Despite Diplomatic Tensions, U.S.-Russian Space Ties Persist

Posted: March 10, 2014 at 11:45 pm

hide captionRussian personnel are the first to meet space station crew members when they return to earth.

Russian personnel are the first to meet space station crew members when they return to earth.

Tonight, Russian cosmonauts Sergey Ryazanskiy, Oleg Kotov and NASA Astronaut Mike Hopkins will return to earth from the International Space Station.

Parachutes will open, and the duo's Russian-built Soyuz capsule will touch down on the remote, frozen plains of the central Asian republic of Khazakstan.

But this March is a particularly chilly time for Hopkins to be landing: Russia's military intervention in Crimea is straining relations between the two superpowers. And, while NASA has a team in place to welcome Hopkins home, it's Russian helicopters that will be picking him up.

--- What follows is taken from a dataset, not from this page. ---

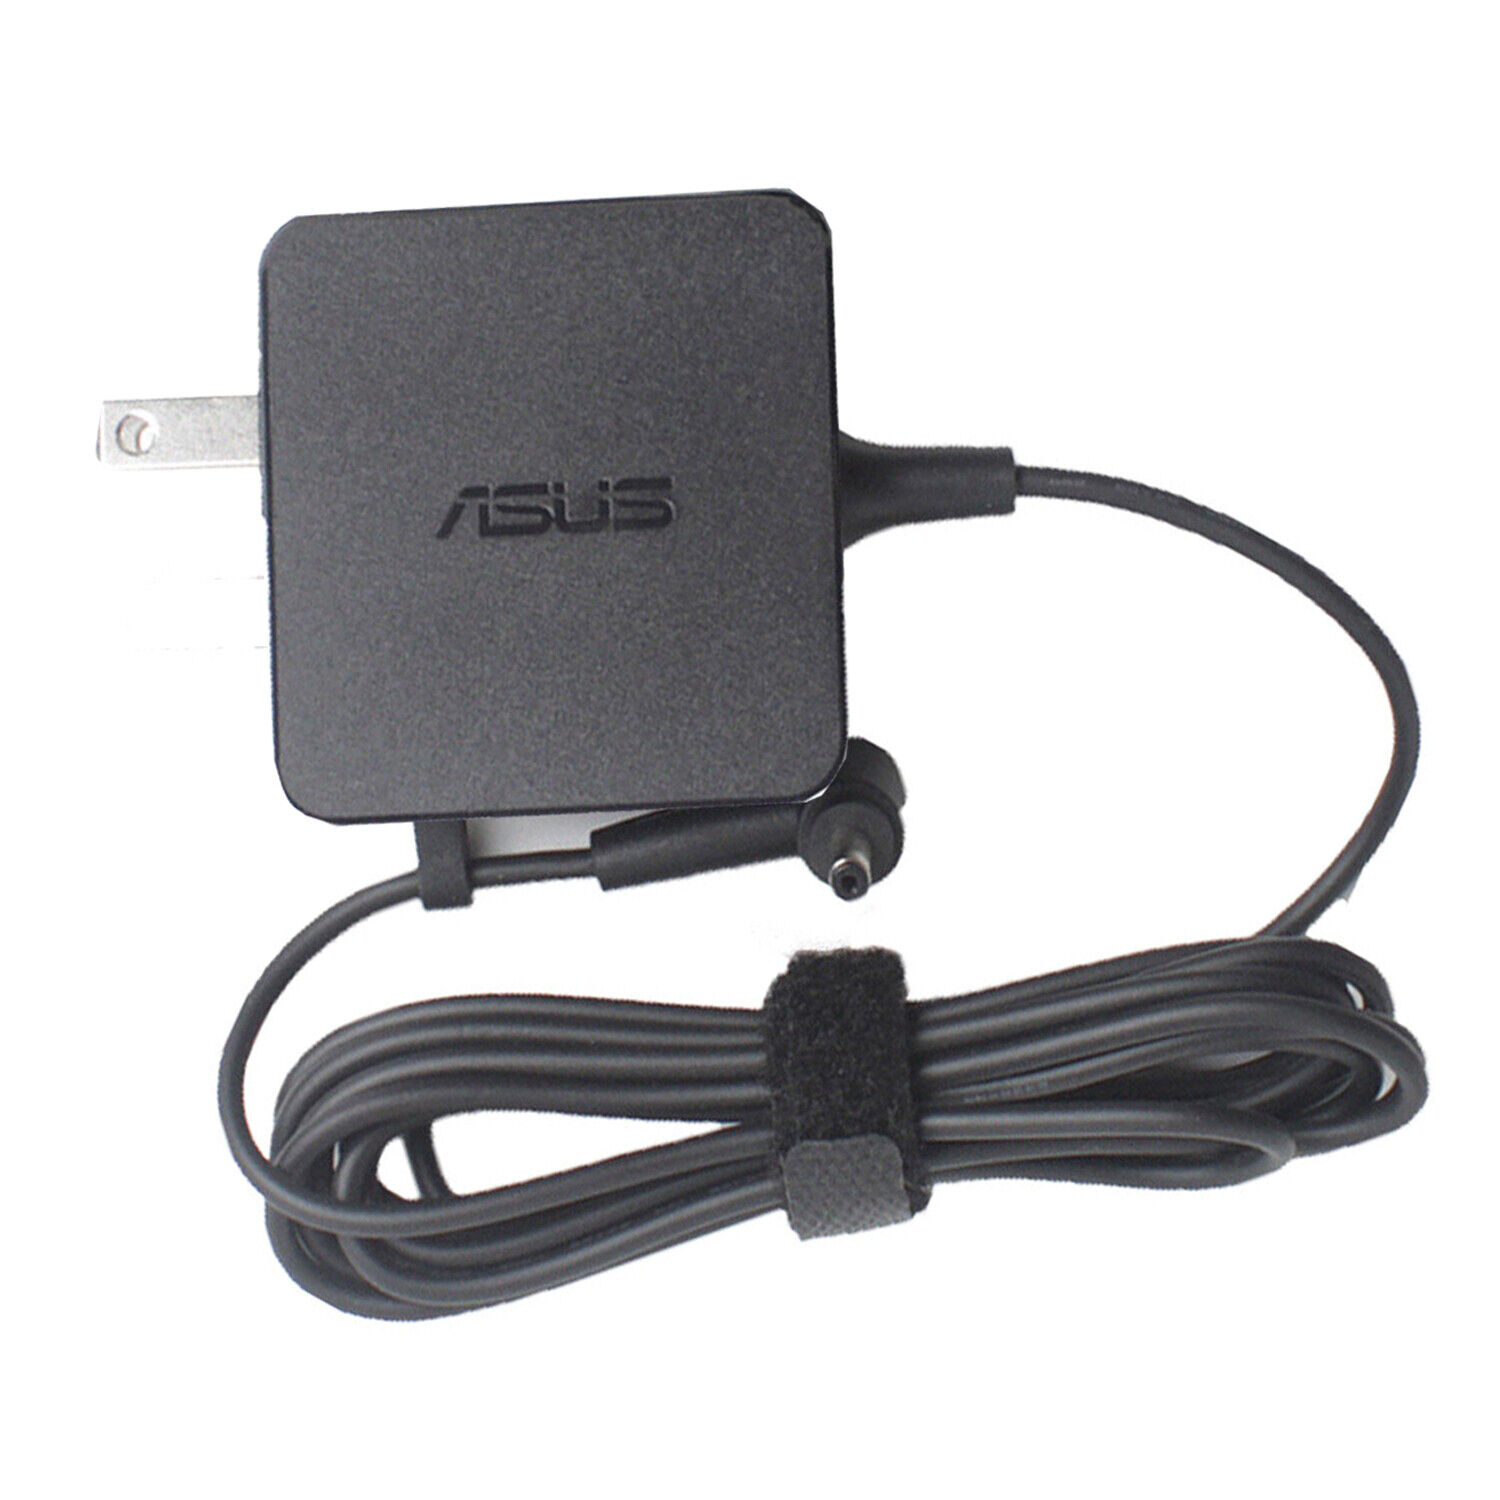 New 33W 4.0X1.35 For Asus R541NA AC Laptop Charger Adapter Charger Power Supply

"We ride with the Russians," says Josh Byerly, a spokesperson at NASA's Johnson Space Center in Houston Texas.

Despite the current standoff between Russia and the West over the Ukraine, Byerly is confident Hopkins will be able to hitch a ride back to civilization.

"The Russians take very good care of our crew whenever they're out there," Byerly says.

Byerly says that operations aboard the International Space Station have run smoothly throughout the crisis: "Their systems depended on ours and ours depend on theirs," he says.

NASA's dependence on the Russians runs deep. Since the U.S. retired the space shuttle in 2011, Russian rockets are the only way up. That state of affairs is likely to continue for at least a few years to come, until NASA and its partners can fly a replacement.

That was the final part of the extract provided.